Erano gli stessi del giorno prima? Non potevo saperlo con certezza, dal momento che non potevo vedere il viso. Eppure erano vestiti nello stesso modo, avrei scommesso qualsiasi cosa sulla loro identità.

«Chi sei, che ci fai qui?».

La follia mi stava soggiogando, dovevo rimanere calmo. Forse l'uomo morente mi aveva contagiato. Li guardai con attenzione, cercando di rimanere rilassato. Non dovevano capire che stavo vivendo una crisi.

«Mi tengo in movimento, non vado da nessuna parte in particolare. Ci siamo già incontrati?».

«Hai visto il nostro compagno? Lo stiamo cercando».

«È morto dopo che lo avete pugnalato e abbandonato».

Mi colpirono con qualcosa, credo un bastone, in piena pancia, non vidi partire il colpo. Mi accasciai sulle ginocchia, poi subii altri colpi alla schiena. Crollai a terra.

«L'hai ucciso, maledetto! Perché? Chi sei?».
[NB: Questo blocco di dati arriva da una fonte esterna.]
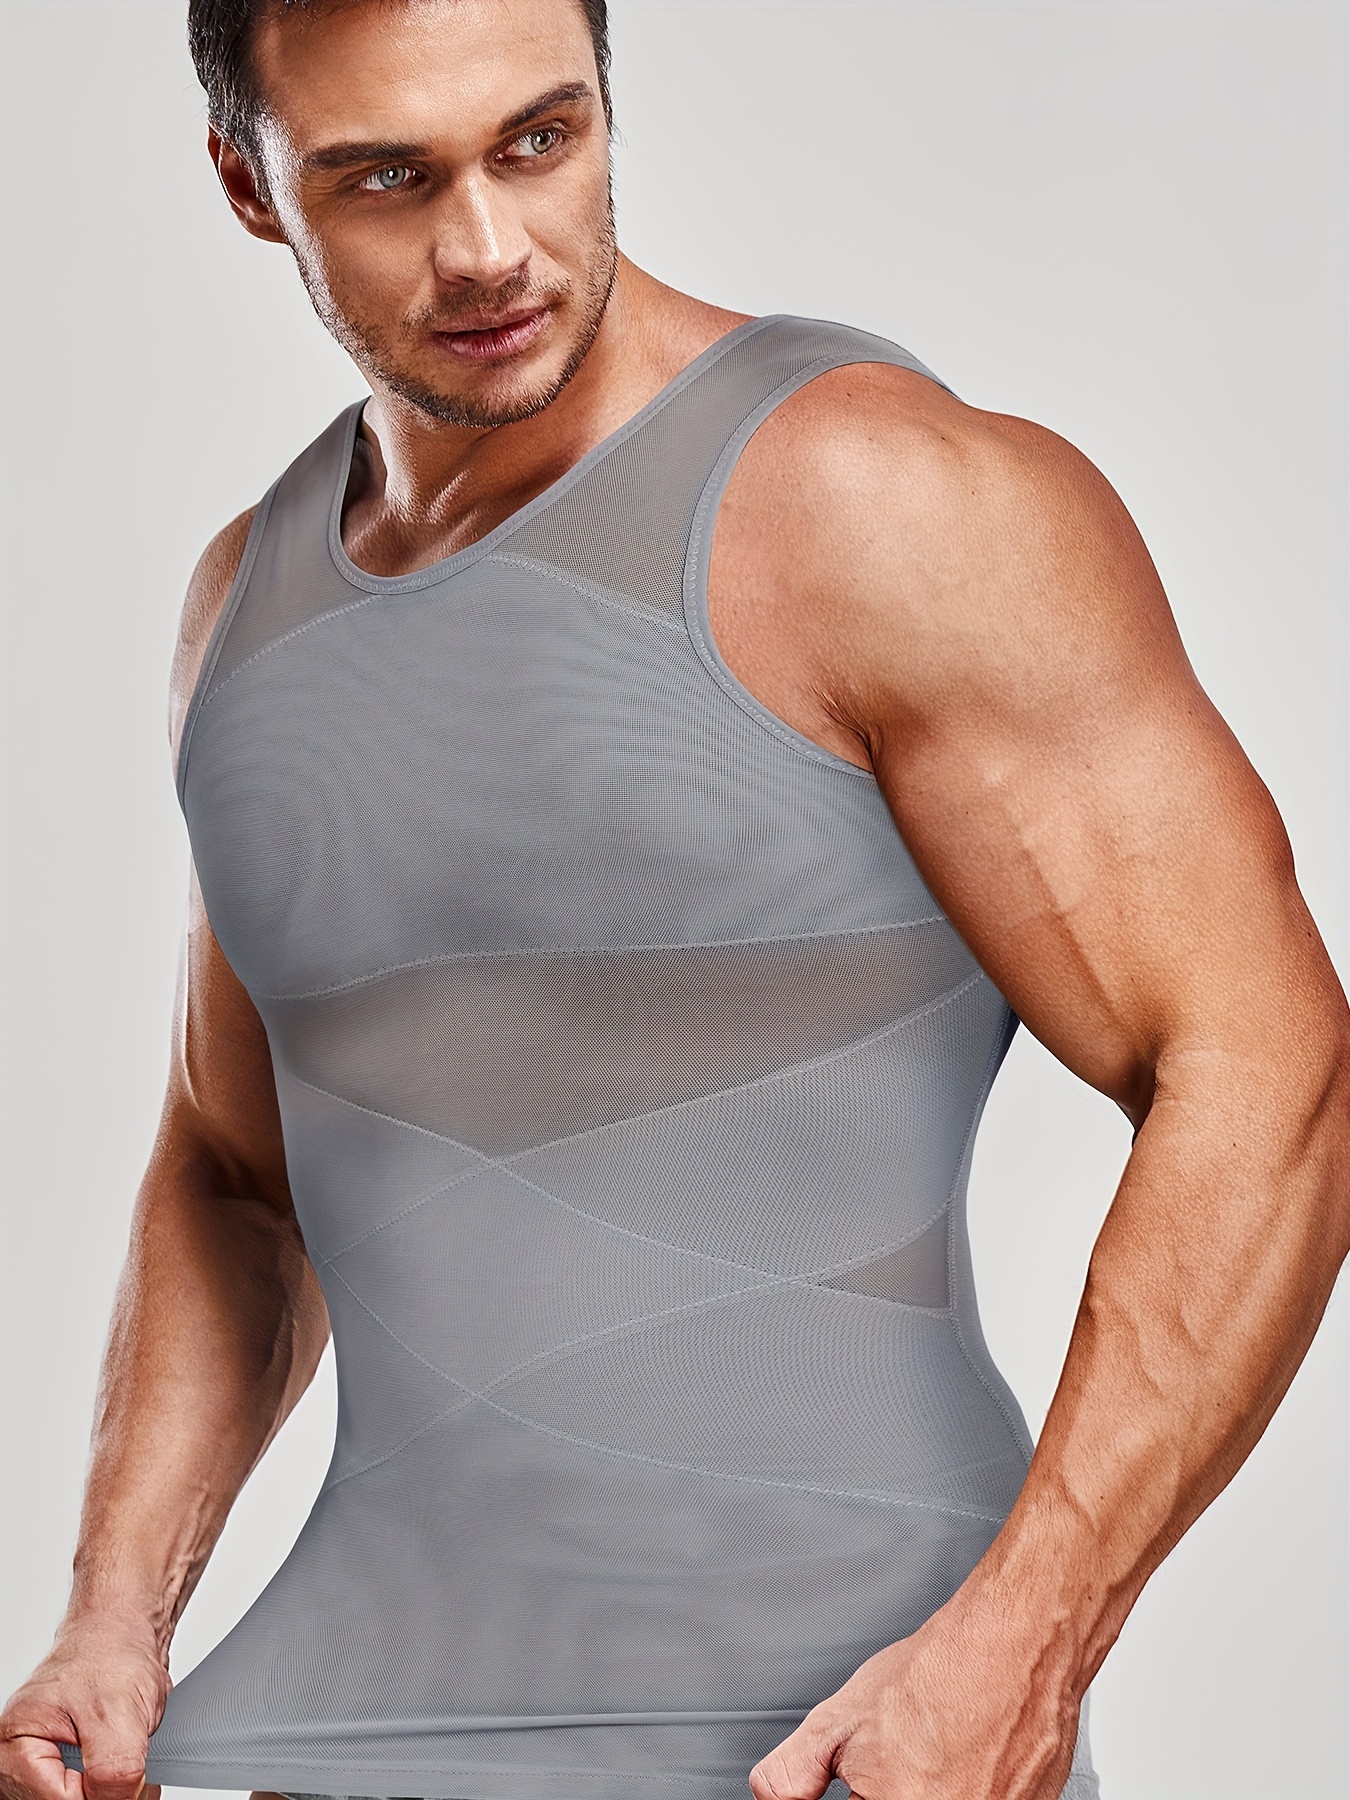 Men's Slimming Body Shaper Compression Tank Top Vest Shirt Abs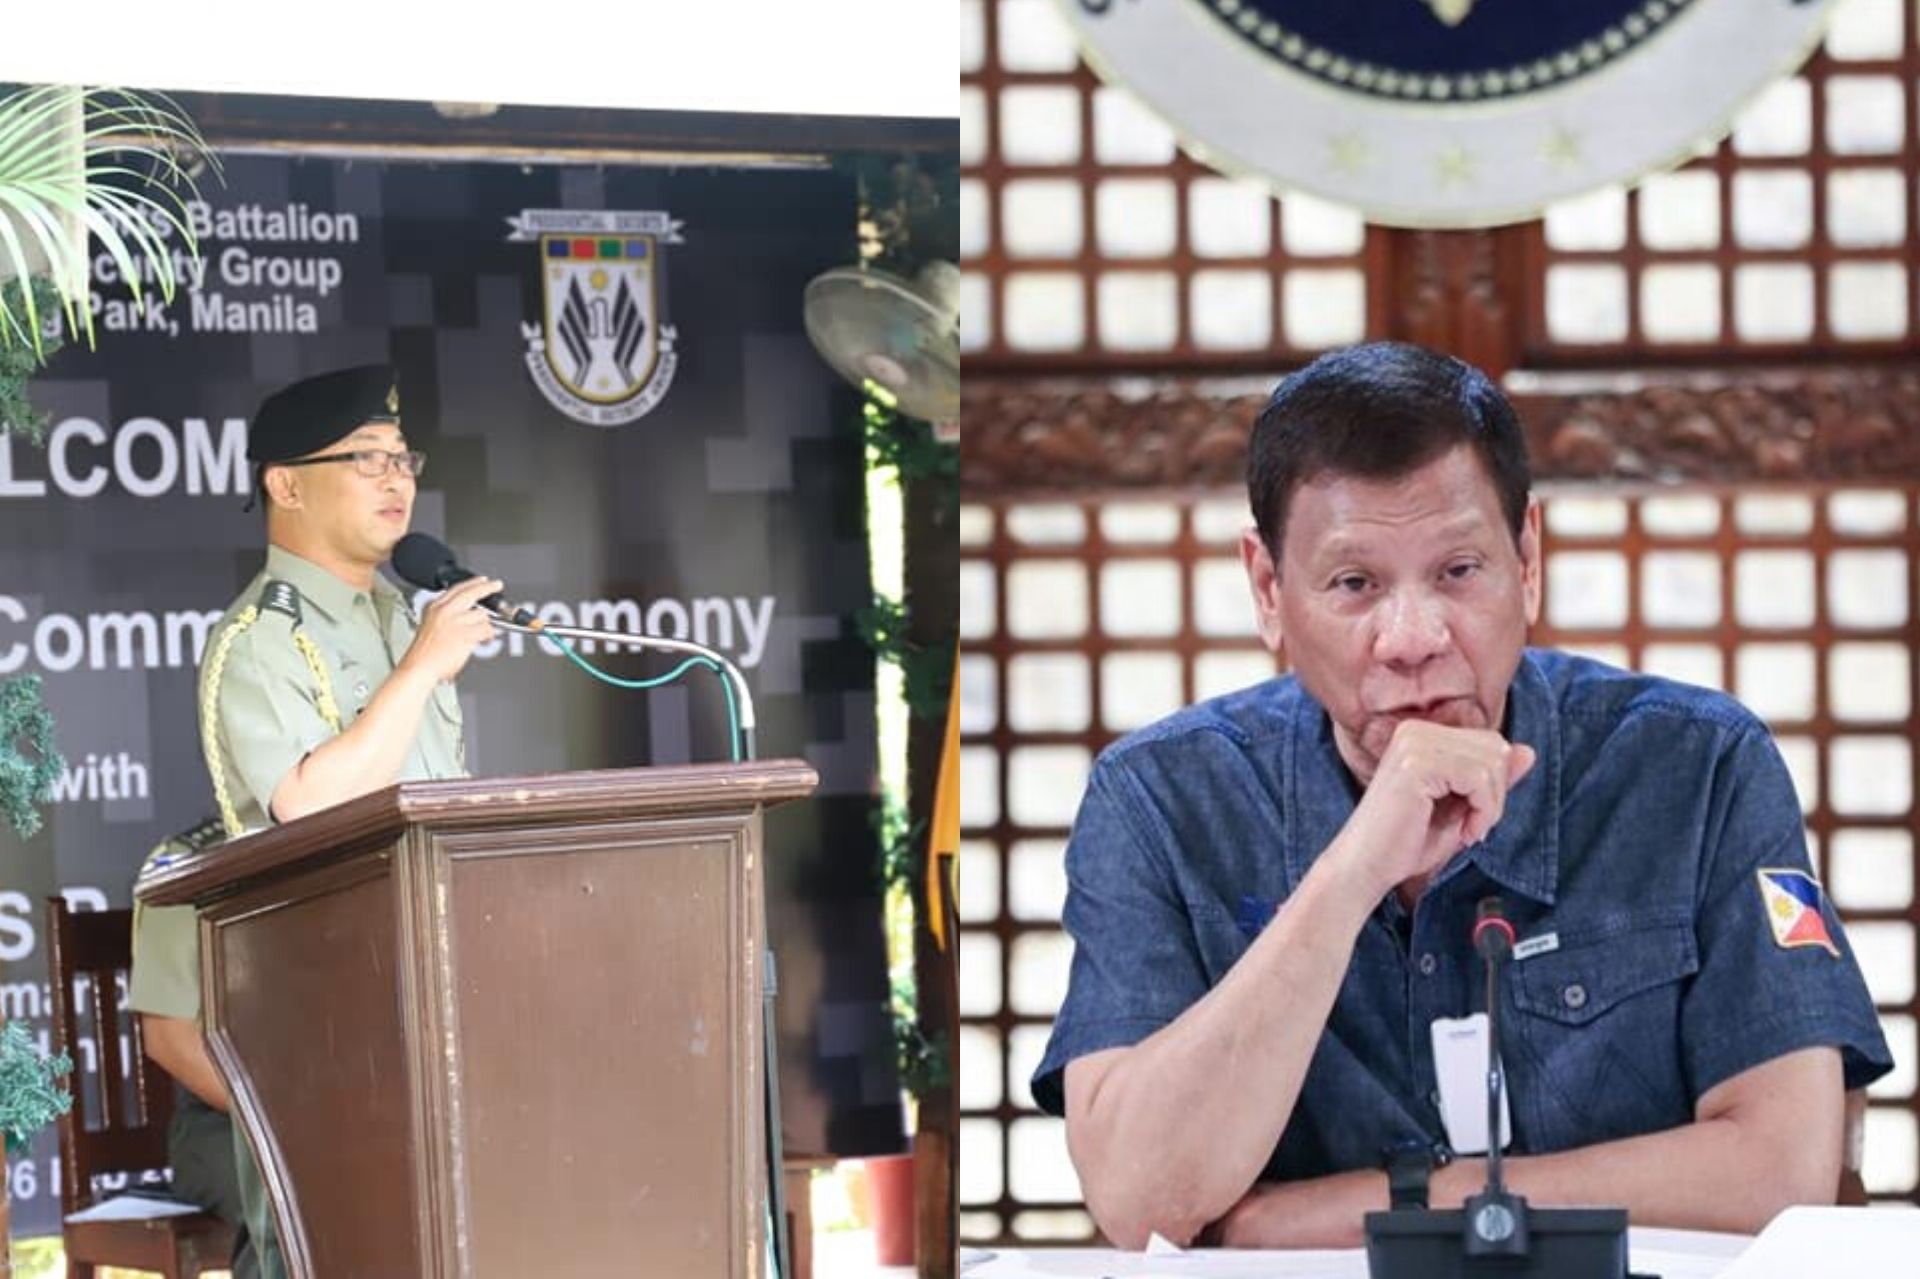 PSG Commander Col. Jesus Durante III <I></noscript>Photo: PSG / FB</i>, President Rodrigo Duterte <i>Photo: Presidential Communications Group / FB</i>

«Fermatevi, lo avete ucciso voi! Lo avete abbandonato dopo i sogni, me lo avete rivelato ieri, fermatevi!», supplicai.

Si fermarono, per contemplarmi stupiti. Aspettarono che mi fossi alzato, dolorante e spaventato. Non potevo niente contro tutti loro contro di me. Ero destinato a soccombere, dovevo inventarmi qualcosa.

«State andando a cercare i bunker?».

«Come sai dei bunker? Chi sei, in realtà? Abbiamo perso di vista il nostro compagno, ora lo ritroviamo morto per mano tua. Ti ha rivelato lui dei bunker, ne sono sicuro. Lo avrai torturato, sei diventato folle anche senza occhi gialli. Ma noi non avremo pietà, mi spiace. Pagherai per il tuo crimine e la sentenza è morte e sarà applicata subito».

Indietreggiai, pensai a fuggire ma non sarei riuscito. Mentre li osservavo avanzare con la voglia di punirmi, con gli occhi rabbiosi, vidi oltre loro la profondità del bosco e pensai: al cervo che mi benediva, all'uomo morente che mi svelava un nome, al rifugio che aspettava il mio ritorno, da vincitore. Ero seduto davanti al fuoco mentre appuntavo ricordi delle mie giornate, ero sotto un cielo nuvoloso che provava a nascondere le presenze. Spengo il camino e mi appresto a lasciare casa, cerco La notte silenziosa esplode ma non lo trovo più, eppure l'ho letto, lo rammento. Vedo, sogno, comprendo, mi sveglio, dimentico. Non stavo più scrivendo e la mente scivolava verso dimensioni sconosciute e pericolose.

E allora urlai una parola: Ifid. La Spada che effetto avrebbe avuto su tutto quello che c'era intorno a me? Gli uomini si bloccarono. Abbassarono le mani e mi fissarono.

«Dove hai sentito quel nome? Che significa?».

«Dal vostro compagno prima di morire. Per questo lo avete ucciso, per paura. Mi ha rivelato delle cose e ora seguo le tracce che lui mi ha svelato, niente più di questo. Perdiamo tutti il senno, voi continuate a ripetere le stesse azioni».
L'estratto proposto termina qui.